The Bihar floods of 2008 has affected more than 3 million people till date.
After the Kosi river broke a dam in Nepla, the state of Bihar in Eastern India has been hit by the worst flooding in 50 years, which the Indian Prime Minister says is a "National Calamity” and has announced a relief package of Rs. 1000 crores.
According to the Press Trust of India, over 30 lakh people in more than 1000 villages in 16 districts of Bihar - Saharsa, Supaul (243 districts), Madhepura (378 villages), Araria, Purnia, Katihar, Khagaria, Muzaffarpur, West Champaran, Saran, Sheikhpura, Vaishali, Begusarai, Bhagalpur, Patna and Nalanda - have been affected by the floods. The first four districts were the worst affected where over 22.75 lakh people in 755 villages were affected by the Kosi River fllods.
State government sources say that over 350,000 people have been evacuated during the past 10 days and more than 100,000 people are living in over 100 relief camps.
Rescue efforts are hampered by rain and damaged roads.
While the Bihar government puts the official death toll in floods after the Kosi river changed course at 12, international NGO ActionAid whose people are involved in relief operations says 'it is likely that 2,000 people have died', saying the government does account for people who are missing.
Air Force choppers and Navy divers have been pressed into service, and offers of help are coming from other state governments.
There are reports of boat makers along with Dacoits and Molesters enjoying brisk business amidst all the chaos and sorrow.
Kosi - Bihar’s sorrow
The Kosi is a young river and according to experts, it has yet to settle on a fixed course. An article in the Indian Express explains the unsettled nature of the Kosi River:
“Prior to 1731, Kosi used to flow by Purnea and Forbesganj. It last changed its course in 1952. The river started sliding towards the west, flowing by Murliganj in 1892, Madhepura in 1922, Saharsa in 1936 and by 1952 it had reached Darbhanga.”
It also does not help that the Kosi River operates in an area of dense population that depends on agriculture for its livelihood.
Naturally, when in August 2008, the Kosi River burst a dam in neighboring Nepal, sorrow flew easy, catching everyone by surprise.
Why floods happen in Bihar
When we say that Bihar is India’s most flood-prone State, we actually mean the plains of North Bihar, a low lying area accounting for 76 percent of the states' population, occupying about 68800 sq Km of land out of total state area of 94160 sq Km (73.06 percent of the state’s land).
Some 8 big rivers originating in the Himalayas in Nepal drain in Bihar - the Kosi, Gandak,Burhi Gandak, Bagmati, Kamla Balan, Mahananda and Adhwara Group of rivers. These rivers swell easily during the monsoon season and so far there have been no solid way to contain the annual floods. Along with water, these rivers carry a high ‘sediment load’ from the mountains, causing river beds to rise to alarming proportions. As long as the Ganges river, acting as a ‘mighty drain’ catches them, things are easy But when the Ganges itself is full tight, floods happen.

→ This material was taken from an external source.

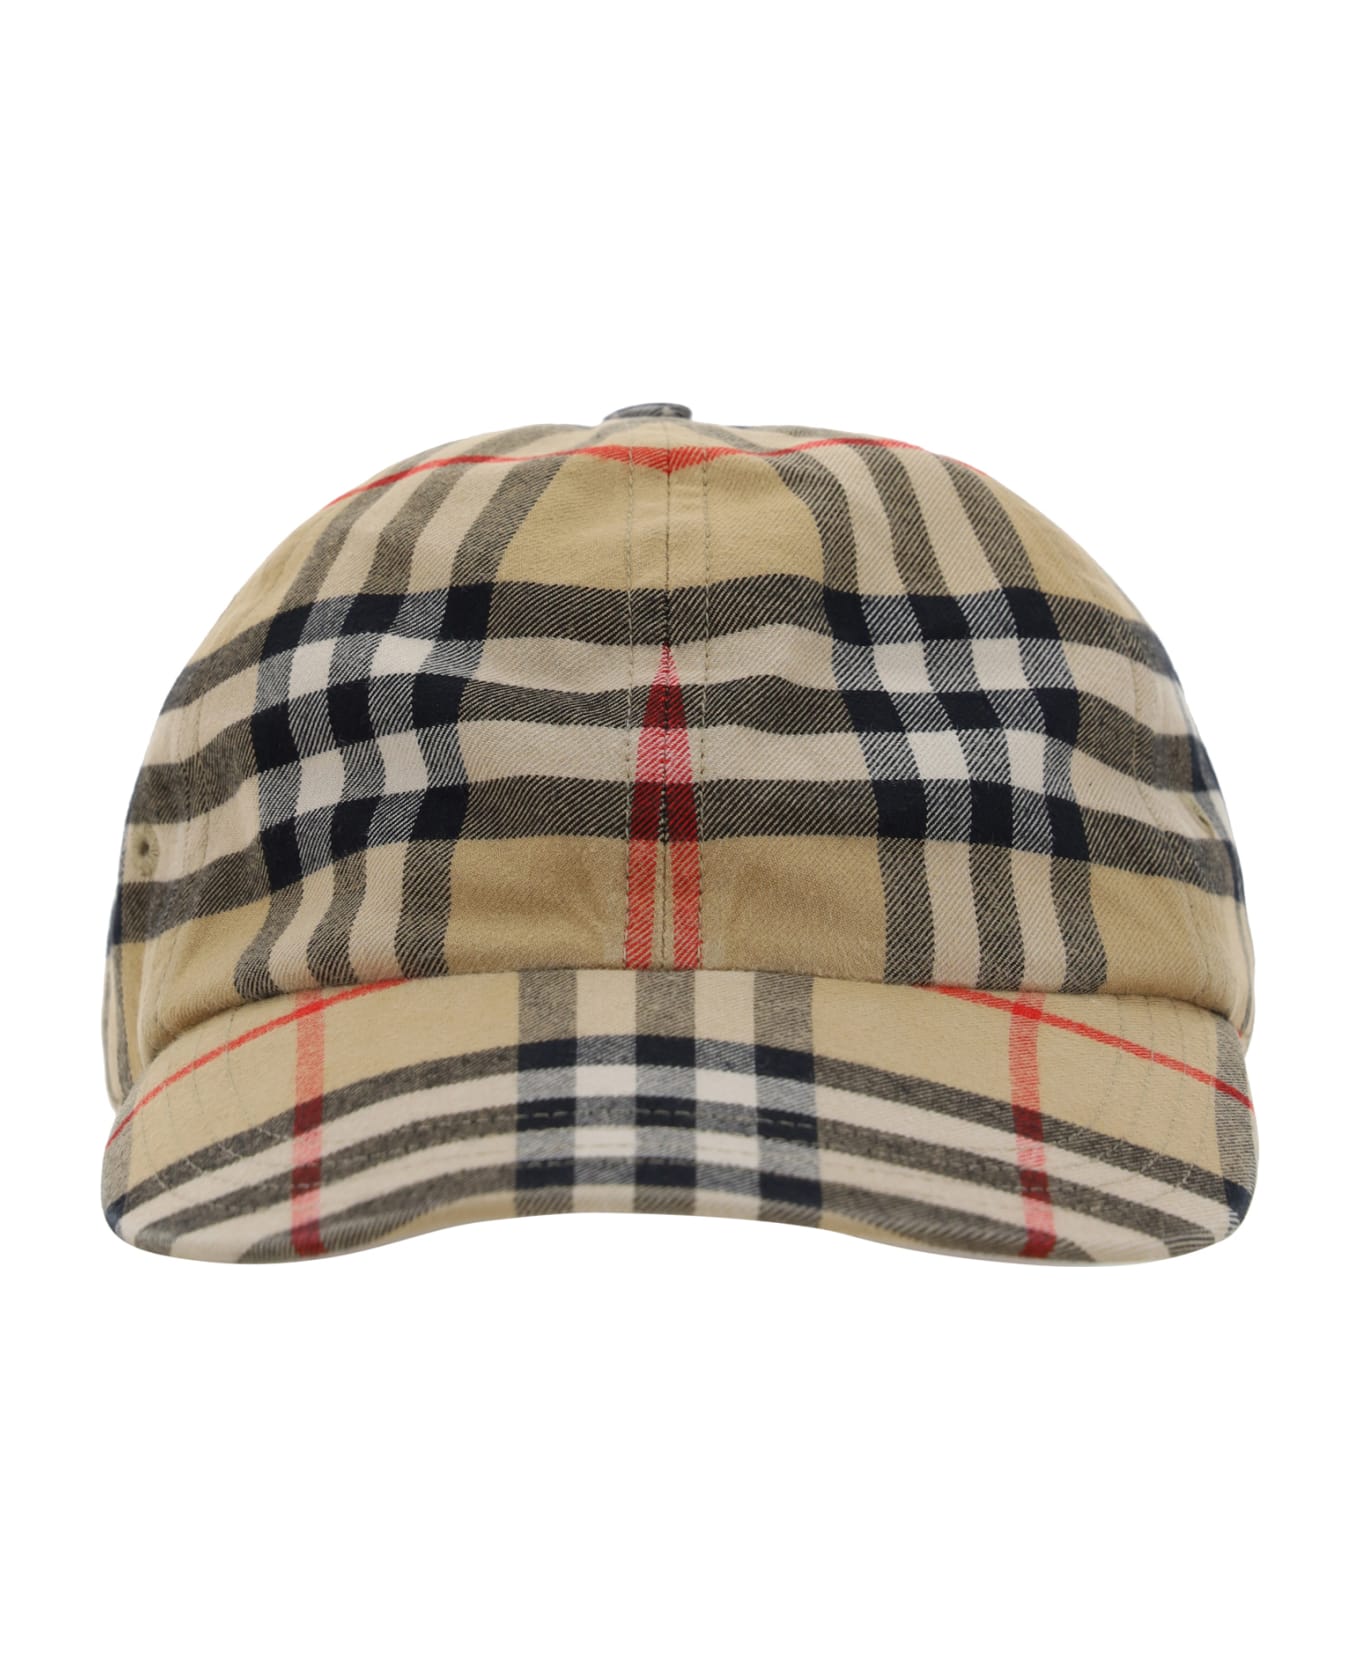 Burberry Baseball Cap With Check Print - Archive Beige 帽子

Nepal Government’s Responsibility: Nepal foreign minister Upendra Yadav says that as per the April 1954 Kosi Agreement, "The responsibility for the upkeep, maintenance and repair is with India ... it is clearly written in the agreement,"
Indian Government’s Responsibility: The Nepalese Foreign Minister also says that India has not conducted necessary repairs of the Kosi barrage for 5-7 years.
Looking at the magnitude of the impact, tit is safe to say that the Bihar Flood catastrophe of 2008 will have long-term consequences.